◆ Dataset records ◆

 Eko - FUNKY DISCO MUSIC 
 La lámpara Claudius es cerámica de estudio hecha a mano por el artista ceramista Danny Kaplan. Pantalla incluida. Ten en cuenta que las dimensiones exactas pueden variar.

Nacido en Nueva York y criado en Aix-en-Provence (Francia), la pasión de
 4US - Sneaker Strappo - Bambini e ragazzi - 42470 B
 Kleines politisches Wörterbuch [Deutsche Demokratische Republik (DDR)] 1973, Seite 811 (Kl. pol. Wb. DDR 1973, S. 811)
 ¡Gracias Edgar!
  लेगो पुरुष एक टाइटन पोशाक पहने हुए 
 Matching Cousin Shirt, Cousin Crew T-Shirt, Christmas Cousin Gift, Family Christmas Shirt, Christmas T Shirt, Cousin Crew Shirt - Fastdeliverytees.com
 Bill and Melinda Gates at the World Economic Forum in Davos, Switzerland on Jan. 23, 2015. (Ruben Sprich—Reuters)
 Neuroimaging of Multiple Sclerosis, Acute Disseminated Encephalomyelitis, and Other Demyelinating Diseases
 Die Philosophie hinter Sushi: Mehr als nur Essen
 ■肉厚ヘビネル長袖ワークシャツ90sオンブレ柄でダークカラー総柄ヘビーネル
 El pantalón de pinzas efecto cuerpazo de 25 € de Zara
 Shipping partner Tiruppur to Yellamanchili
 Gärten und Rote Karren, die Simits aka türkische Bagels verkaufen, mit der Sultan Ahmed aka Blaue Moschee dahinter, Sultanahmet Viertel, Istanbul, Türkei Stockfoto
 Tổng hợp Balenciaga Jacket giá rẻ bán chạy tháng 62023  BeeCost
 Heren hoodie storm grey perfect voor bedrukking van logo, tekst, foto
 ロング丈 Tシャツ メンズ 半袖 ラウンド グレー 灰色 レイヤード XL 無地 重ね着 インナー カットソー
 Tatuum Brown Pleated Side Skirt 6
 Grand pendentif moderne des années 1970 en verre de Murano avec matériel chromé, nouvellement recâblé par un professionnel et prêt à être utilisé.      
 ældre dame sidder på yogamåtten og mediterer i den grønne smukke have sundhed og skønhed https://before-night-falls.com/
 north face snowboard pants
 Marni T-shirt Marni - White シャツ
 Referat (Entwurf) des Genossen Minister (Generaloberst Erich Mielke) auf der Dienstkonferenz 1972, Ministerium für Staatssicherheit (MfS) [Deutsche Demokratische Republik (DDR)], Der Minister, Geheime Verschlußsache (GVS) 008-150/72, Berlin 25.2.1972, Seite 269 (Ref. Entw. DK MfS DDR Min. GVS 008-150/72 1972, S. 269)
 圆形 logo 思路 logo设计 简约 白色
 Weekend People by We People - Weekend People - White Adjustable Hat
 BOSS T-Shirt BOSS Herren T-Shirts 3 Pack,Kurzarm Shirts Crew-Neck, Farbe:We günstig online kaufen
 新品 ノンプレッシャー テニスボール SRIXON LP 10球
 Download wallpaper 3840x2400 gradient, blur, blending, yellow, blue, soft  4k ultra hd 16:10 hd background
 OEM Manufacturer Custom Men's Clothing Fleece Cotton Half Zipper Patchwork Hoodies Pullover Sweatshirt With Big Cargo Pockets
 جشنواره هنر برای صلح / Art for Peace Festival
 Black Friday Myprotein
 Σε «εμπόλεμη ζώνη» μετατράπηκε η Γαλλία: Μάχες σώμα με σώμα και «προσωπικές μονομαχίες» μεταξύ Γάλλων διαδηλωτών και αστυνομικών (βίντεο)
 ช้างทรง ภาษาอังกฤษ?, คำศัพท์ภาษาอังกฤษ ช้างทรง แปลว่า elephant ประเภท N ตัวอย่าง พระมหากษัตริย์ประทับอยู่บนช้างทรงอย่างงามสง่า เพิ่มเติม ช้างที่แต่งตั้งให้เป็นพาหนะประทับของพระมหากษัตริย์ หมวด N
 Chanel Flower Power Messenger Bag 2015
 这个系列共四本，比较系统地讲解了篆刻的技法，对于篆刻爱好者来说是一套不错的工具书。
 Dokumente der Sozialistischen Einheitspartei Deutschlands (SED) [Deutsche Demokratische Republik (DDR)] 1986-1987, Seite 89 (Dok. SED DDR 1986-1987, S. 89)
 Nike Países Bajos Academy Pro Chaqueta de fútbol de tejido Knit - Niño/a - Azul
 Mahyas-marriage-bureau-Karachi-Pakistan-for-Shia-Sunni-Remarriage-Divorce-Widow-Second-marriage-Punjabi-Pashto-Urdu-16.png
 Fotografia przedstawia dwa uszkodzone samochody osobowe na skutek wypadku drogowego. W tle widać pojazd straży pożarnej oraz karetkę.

◆ Problem ◆
Repeat the material word for word from its opening line up to and including the line containing "Tổng hợp Balenciaga".

◆ Task answer ◆
 Eko - FUNKY DISCO MUSIC 
 La lámpara Claudius es cerámica de estudio hecha a mano por el artista ceramista Danny Kaplan. Pantalla incluida. Ten en cuenta que las dimensiones exactas pueden variar.

Nacido en Nueva York y criado en Aix-en-Provence (Francia), la pasión de
 4US - Sneaker Strappo - Bambini e ragazzi - 42470 B
 Kleines politisches Wörterbuch [Deutsche Demokratische Republik (DDR)] 1973, Seite 811 (Kl. pol. Wb. DDR 1973, S. 811)
 ¡Gracias Edgar!
  लेगो पुरुष एक टाइटन पोशाक पहने हुए 
 Matching Cousin Shirt, Cousin Crew T-Shirt, Christmas Cousin Gift, Family Christmas Shirt, Christmas T Shirt, Cousin Crew Shirt - Fastdeliverytees.com
 Bill and Melinda Gates at the World Economic Forum in Davos, Switzerland on Jan. 23, 2015. (Ruben Sprich—Reuters)
 Neuroimaging of Multiple Sclerosis, Acute Disseminated Encephalomyelitis, and Other Demyelinating Diseases
 Die Philosophie hinter Sushi: Mehr als nur Essen
 ■肉厚ヘビネル長袖ワークシャツ90sオンブレ柄でダークカラー総柄ヘビーネル
 El pantalón de pinzas efecto cuerpazo de 25 € de Zara
 Shipping partner Tiruppur to Yellamanchili
 Gärten und Rote Karren, die Simits aka türkische Bagels verkaufen, mit der Sultan Ahmed aka Blaue Moschee dahinter, Sultanahmet Viertel, Istanbul, Türkei Stockfoto
 Tổng hợp Balenciaga Jacket giá rẻ bán chạy tháng 62023  BeeCost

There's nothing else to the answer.